When the crew ran short of metal structures at the east end of Queensway, a central tram route, the team created a matrix of bamboo rods that threaded through trash bins. Wet cement affixed the contraption to the pavement. About 150 feet away, eight police officers stood watching. “We should get the ‘Occupy Best Design of the Year’ award,” exclaimed Max Lee, a 28-year-old environmental consultant. “I don’t think a tank can get in,” said friend Desmond Wai, 30, an assistant manager at a fashion company.

Around one o’clock in the morning, a crew of young workers readied their final barrier of the night — wall after wall of bamboo, metal, and plastic and wood pallets. Workers had dragged large planters from elsewhere to the inside of the maze.

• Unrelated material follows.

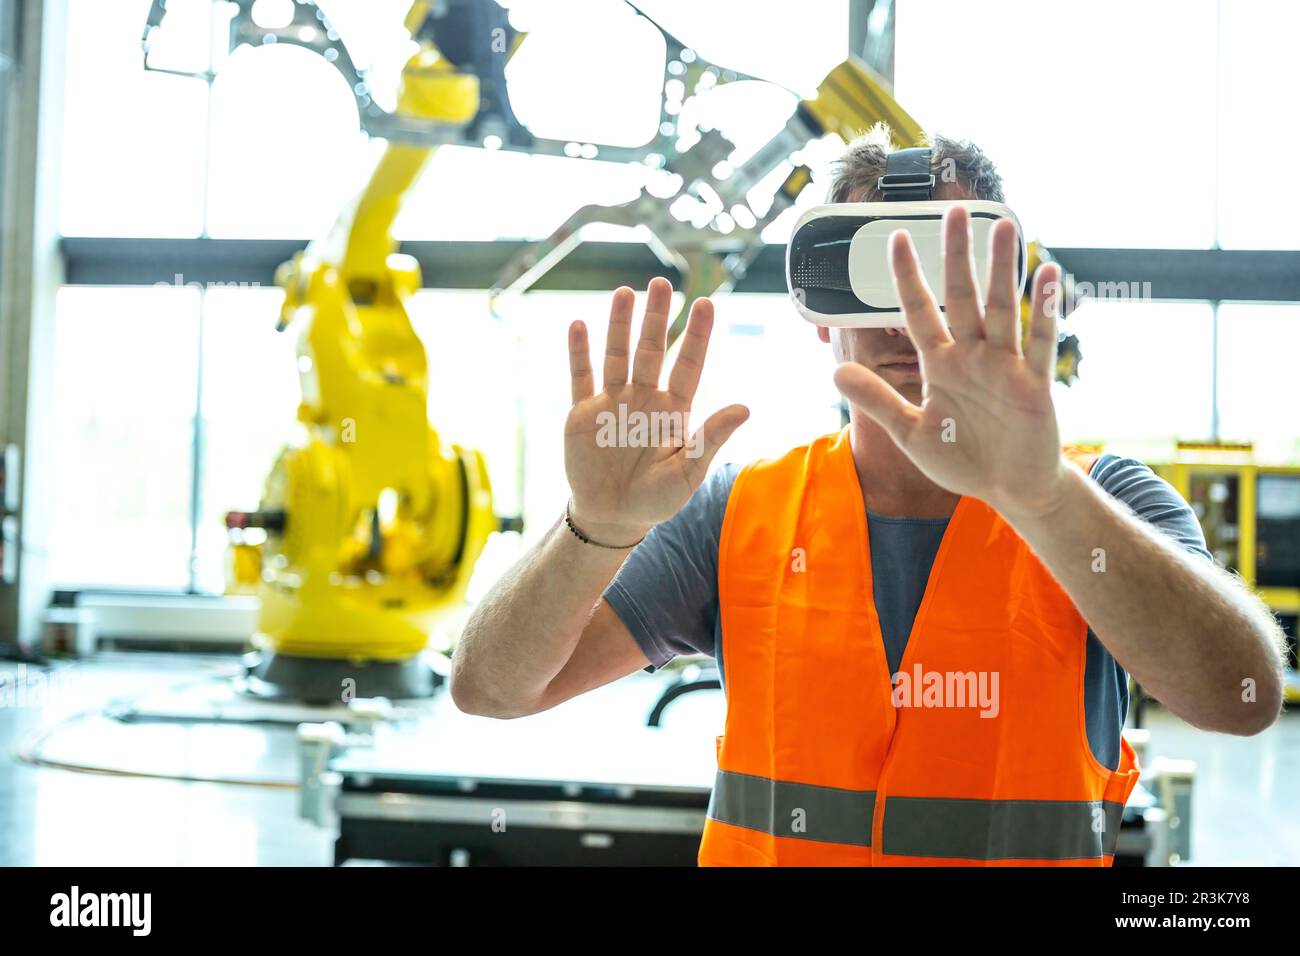 Industrial Robots Remote Control AR Stock Photo

I asked a young man with a skull and bones neckerchief over his mouth if he knew the designer. “I’m pretty sure it’s me,” said Jason Yim. The 23-year-old sound engineer said he was in Mong Kok on Oct. 5 when crowds who opposed the democracy protesters beat up student occupiers in the busy shopping district, leading to 19 arrests. Police said eight suspects had links to the city’s triad underworld. The occupiers, some who sleep at the sites all night, needed to ensure the gangs wouldn’t return.

Thinking of how to shore up roadblocks, Yim recalled a favorite childhood pastime. “I said, ‘why don’t we put it together like Legos?'” Most of the barricades have held in Mong Kok and they will hold in Admiralty, he said — should the government, the police, or the triads return. “I’m pretty sure it’s wisely designed.”